Apologies for the quick hit and run - it's almost midnight - but maybe this will make someone's Sunday a little more hopeful. The Board of the California Public Employees’ Retirement System (CalPERS), which is the second largest employer purchaser of health insurance (after the Federal government), voted on June 19 to include transgender transition-related care in all of their health plans as of January 1, 2014 (all emphasis added):
CalPERS provides retirement and health benefits to more than 1.6 million public employees, retirees and their families, including employees of the state of California and over 3,000 other California employers, including municipalities and non-profits. CalPERS health plans cover more than 1.3 million individuals. The board’s historic vote means that the 2014 HMO and PPO plans managed by CalPERS will include coverage of “Sex Reassignment Surgery and Related Services for Gender Identity Disorder.” CalPERS is the nation’s largest public health benefits fund, making California the largest employer to offer explicitly transgender-inclusive coverage.
This follows the
earlier decision to require private insurers to provide transgender-related benefits, meaning that the expanded coverage applies to almost everyone in the state, both public and private, and with few or no age restrictions (private workplaces that self-insure are exempt but many offer coverage anyway).
Equally important to residents of other states is this:
The vote of the CalPERS board reflects trends in the private sector, where transgender-inclusive health plans are increasingly common, with strong encouragement from HRC’s Corporate Equality Index (CEI).
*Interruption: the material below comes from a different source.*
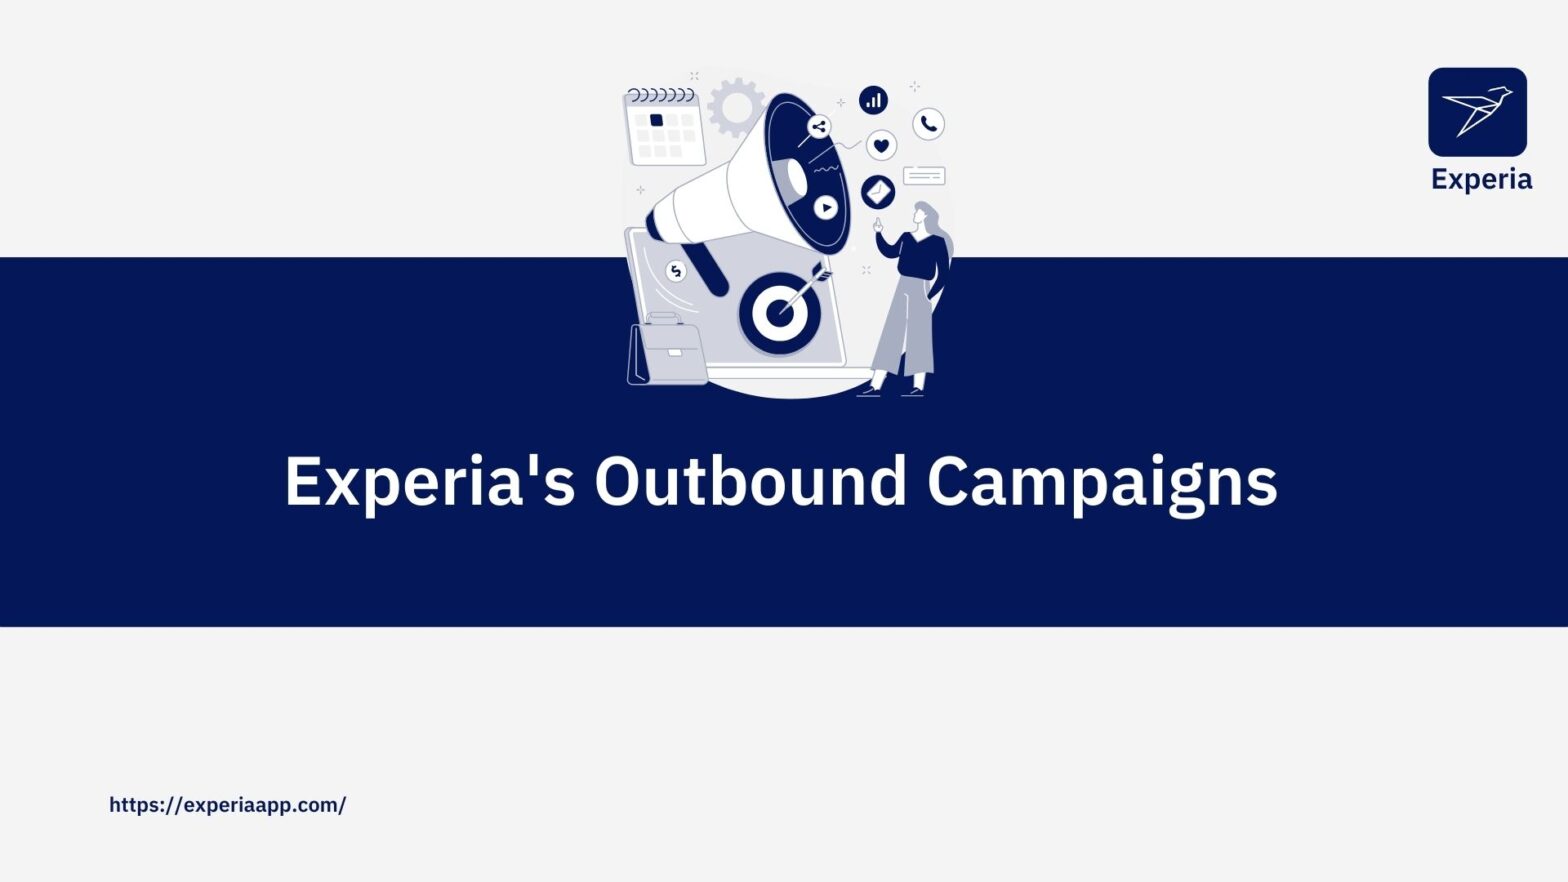 Experia's Outbound Campaigns

The CEI, which evaluates Fortune 1000 and other large employers vis-a-vis LGBT workplace policies, has called for transgender inclusion in employer health plans since 2009. Employers have heeded the CEI’s call: in the 2013 CEI survey, 287 major employers reported coverage of basic medical services related to sex reassignment, including surgical services. Numerous other public and private employers, including many universities and colleges, have also removed exclusions in their employee health plans and provided trans-inclusive coverage.
Score 1 for the pro-equality side in the "culture wars"!